Platform Engineering Trends in Cloud-Native: Q&A With Ville Aikas

The rise of Kubernetes, cloud-native, and microservices spawned major changes in architectures and abstractions that developers use to create modern applications. In this multi-part series, I talk with some of the leading experts across various layers of the stack — from networking infrastructure to application infrastructure and middleware to telemetry data and modern observability concerns — to understand emergent platform engineering patterns that are affecting developer workflow around cloud-native. The next participant in our series is Ville Aikas, Founder of Chainguard and formerly a staff engineer at VMware and software engineer at Google, where he was one of the earliest members of the Kubernetes project.

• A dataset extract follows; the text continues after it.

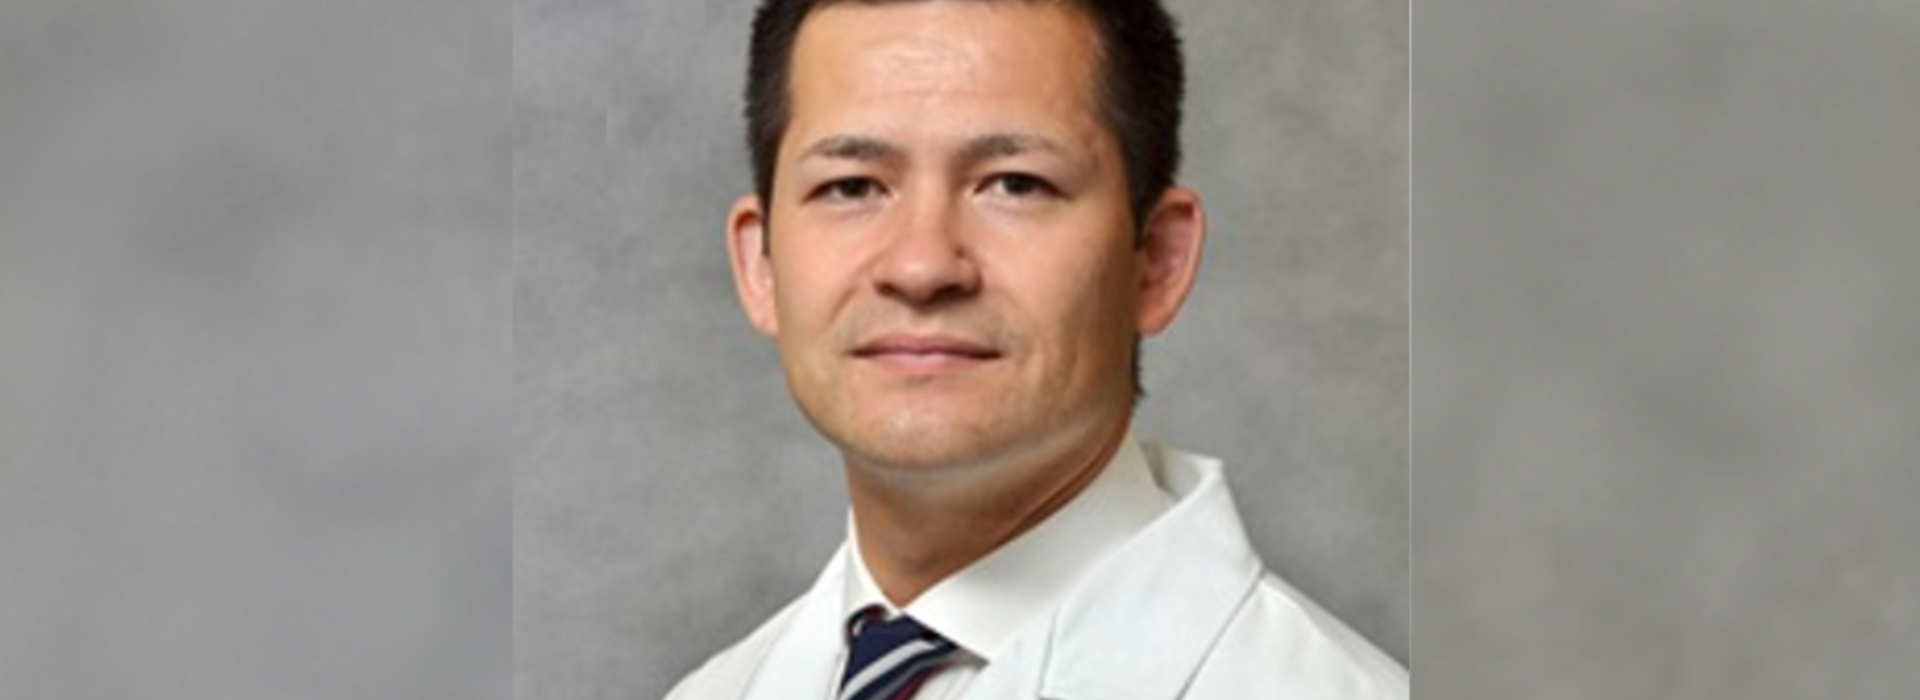 Dr. Nicholas Lim poses for professional headshot

Q: We are nearly a decade into containers and Kubernetes (K8s was first released in Sept 2014). How would you characterize how things look different today than ten years ago, especially in terms of the old world of systems engineers and network administrators and a big dividing line between these operations concerns and the developers on the other side of the wall? And what has that meant for developers’ responsibilities around security concerns?

A:  In the early days of pre-cloud infrastructure, it was a good first step for engineers and network administrators to take a virtualization approach for everything, but this was also a downside because they tried to match everything to the physical world, which at the time, was what was familiar. I also think there were some missed opportunities in this transition, where everyone was focused on a 1:1 comparison vs. thinking of alternatives and improvements in the process. On the one hand, the nice thing nowadays with the evolution of Kubernetes and cloud-native technologies is that you don’t necessarily have to decide which cloud you’re running on before starting to build things. You can delay that decision and rejigger things to work on that cloud or multiple clouds. This novel approach gave developers an opportunity to move beyond the physical barriers of network-based perimeters, but in turn, that changed the security landscape because things were not all behind the perimeter. In my humble opinion, these abstractions are still a bit leaky today, but with the introduction of new technologies and frameworks like service meshes and zero trust, they are no longer confined to having to request the network to get things done or building core security infrastructure like authentication, authorization and more. With the introduction of Kubernetes, GRBC, and MTLS, the network is less important to a developer’s day-to-day, giving them more time to focus on who can talk to what at a higher level and at more granularity. Of course, somebody still has to care about network-level security, if for nothing else other than DDoS and so forth.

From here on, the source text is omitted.